Data shown |

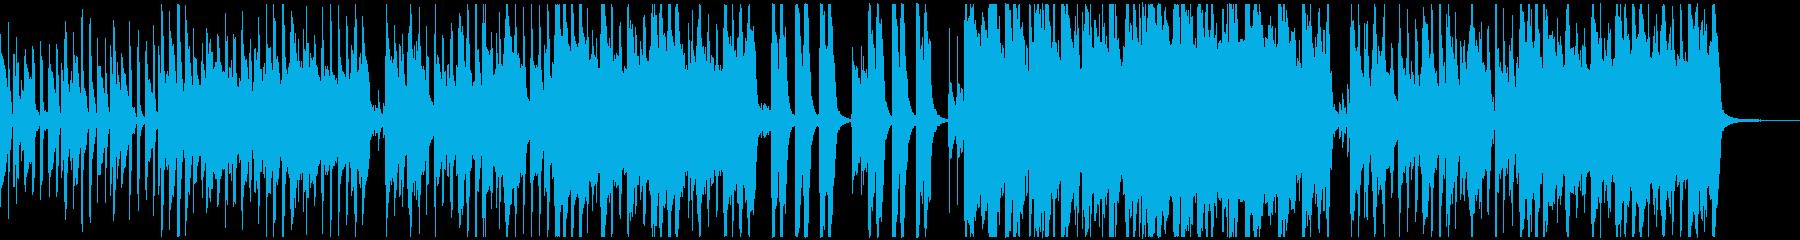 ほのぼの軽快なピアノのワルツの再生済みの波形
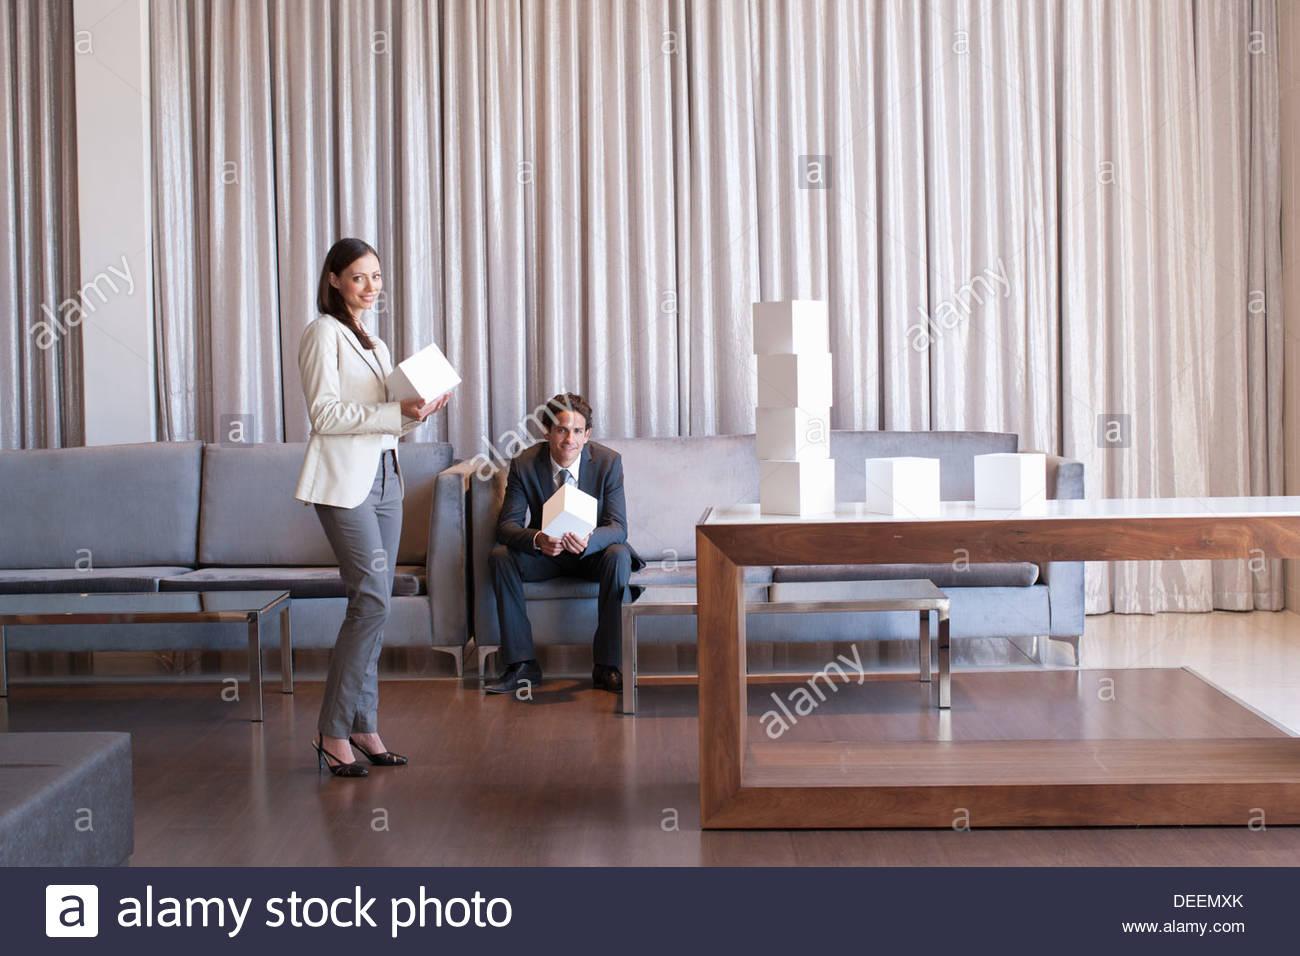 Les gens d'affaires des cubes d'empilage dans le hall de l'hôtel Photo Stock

--

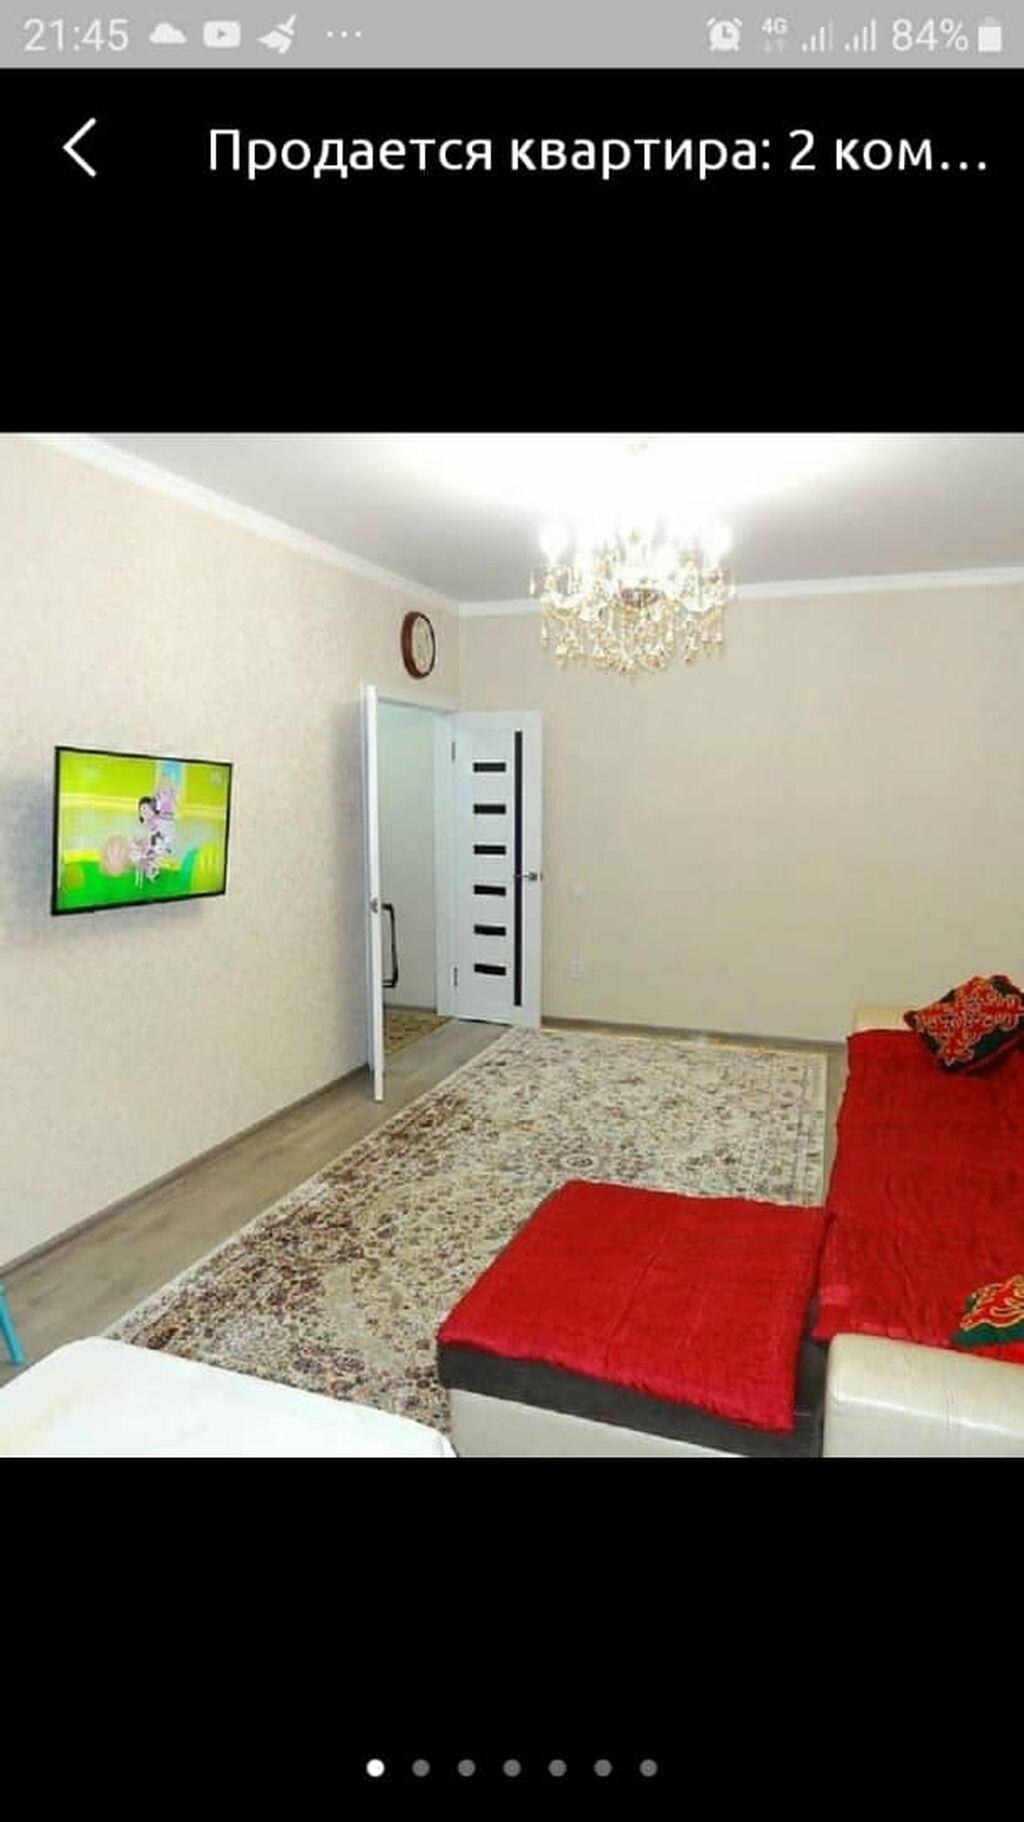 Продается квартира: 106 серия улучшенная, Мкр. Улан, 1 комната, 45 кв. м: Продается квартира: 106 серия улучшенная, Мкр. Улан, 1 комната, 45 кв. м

==

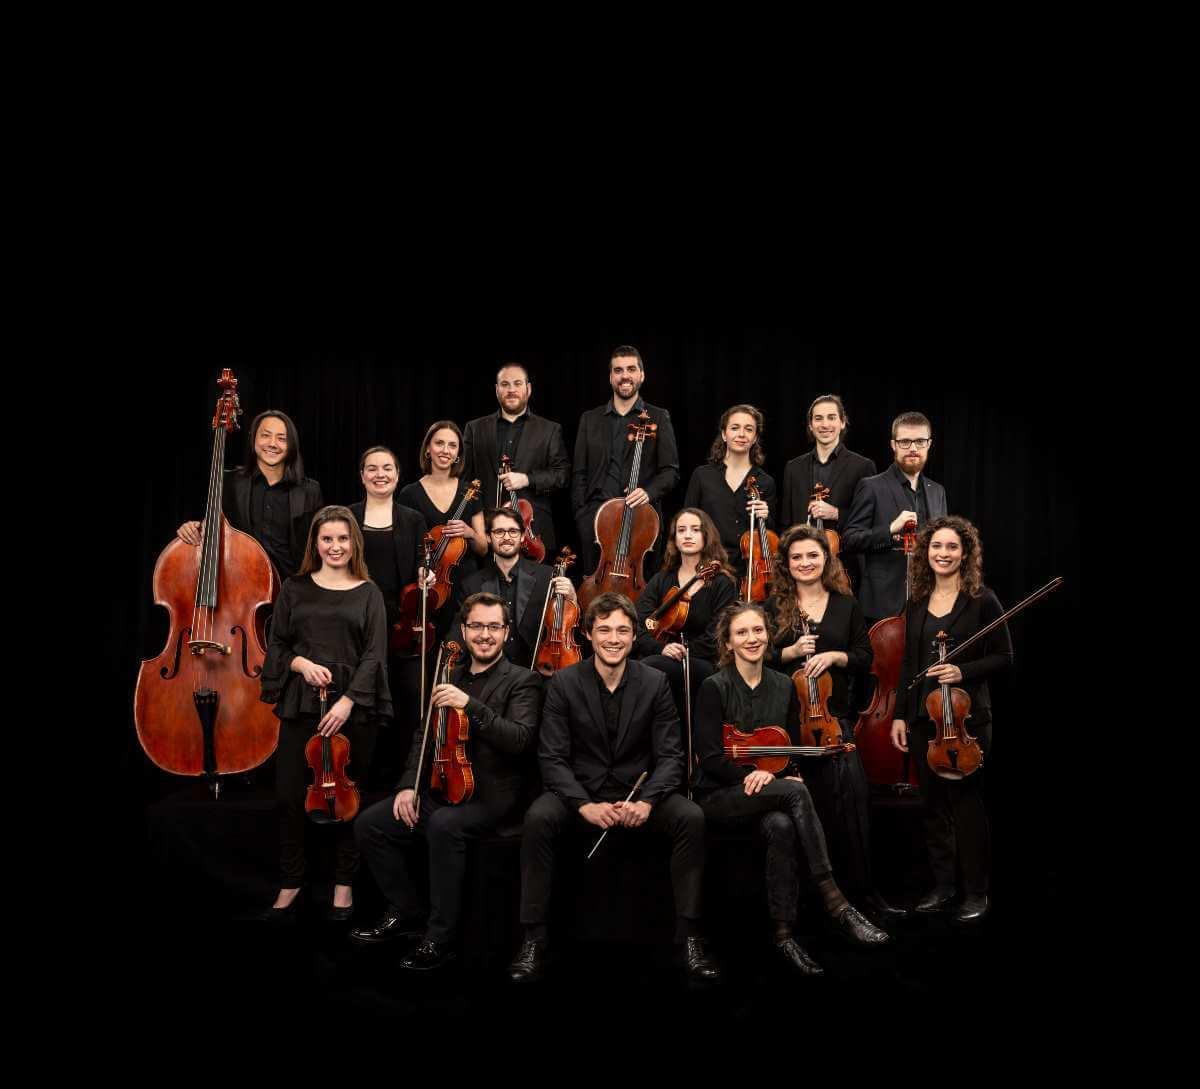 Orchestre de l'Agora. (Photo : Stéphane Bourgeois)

Work order | Give again the stretch of lines above from the one with "ほのぼの軽快なピアノのワルツの再生済みの波形" through the one with "Les gens d'affaires", both ends kept, and copy no pictures.

Solution to the exercise |
 ほのぼの軽快なピアノのワルツの再生済みの波形
 Les gens d'affaires des cubes d'empilage dans le hall de l'hôtel Photo Stock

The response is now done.